Problem details:
The result should be an exact copy of only the lines from the one with "Бывший муж отдыхает." through the last line of the data below, with pictures omitted.

Data below:

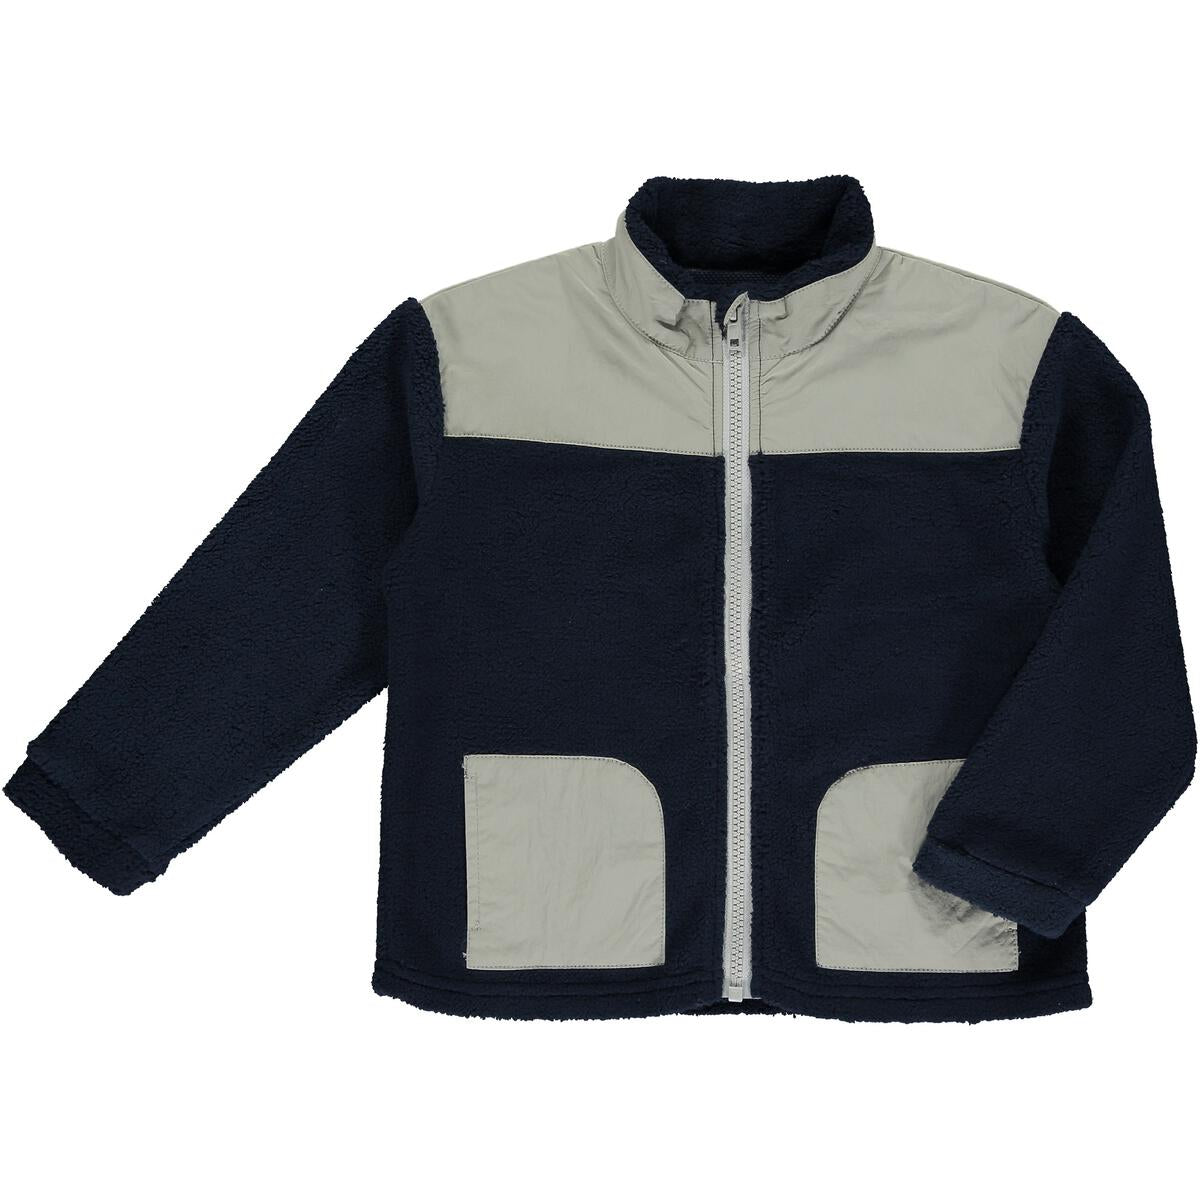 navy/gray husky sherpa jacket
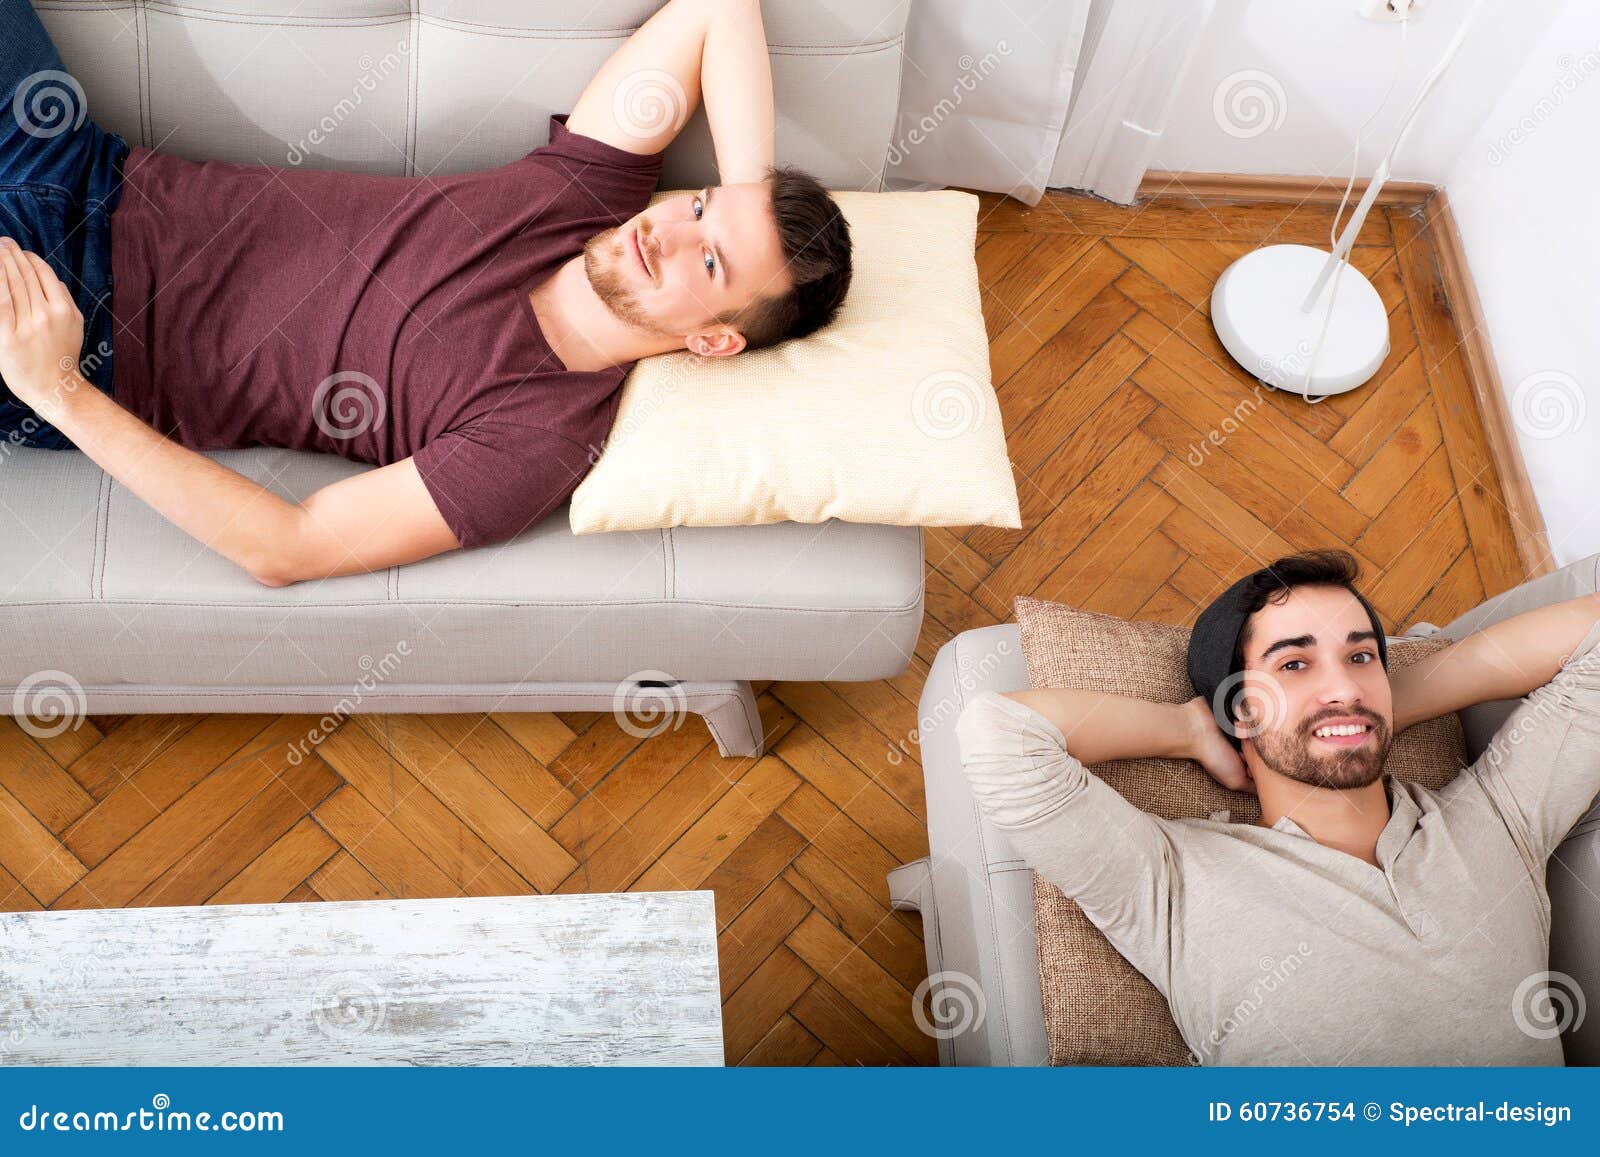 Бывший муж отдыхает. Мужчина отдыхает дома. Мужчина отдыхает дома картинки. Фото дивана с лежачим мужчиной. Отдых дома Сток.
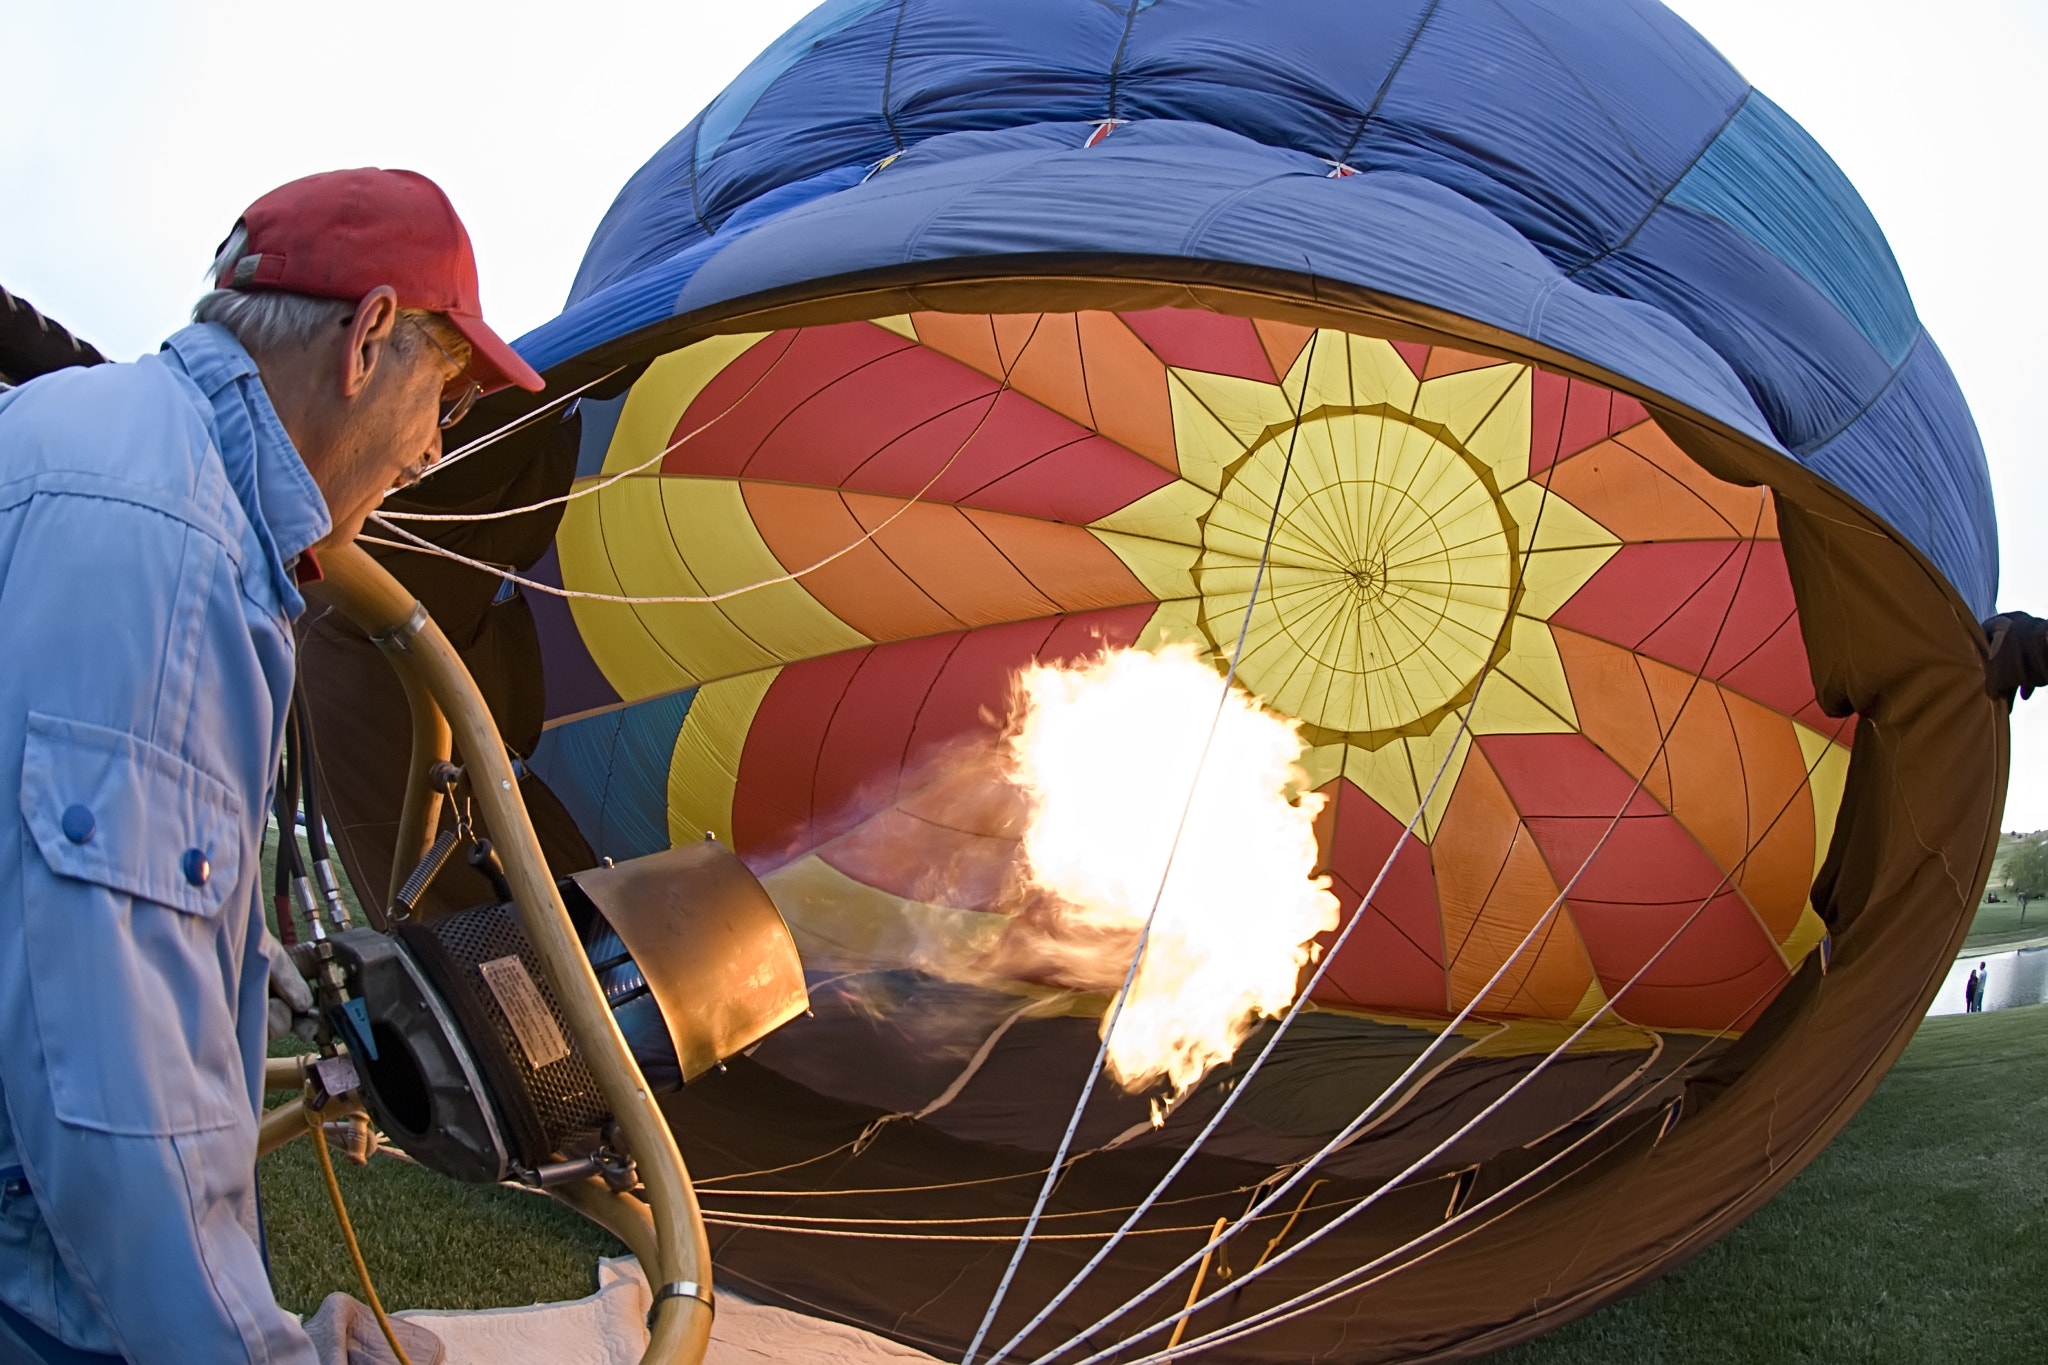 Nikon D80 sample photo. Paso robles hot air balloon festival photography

Task output:
 Бывший муж отдыхает. Мужчина отдыхает дома. Мужчина отдыхает дома картинки. Фото дивана с лежачим мужчиной. Отдых дома Сток.
 Nikon D80 sample photo. Paso robles hot air balloon festival photography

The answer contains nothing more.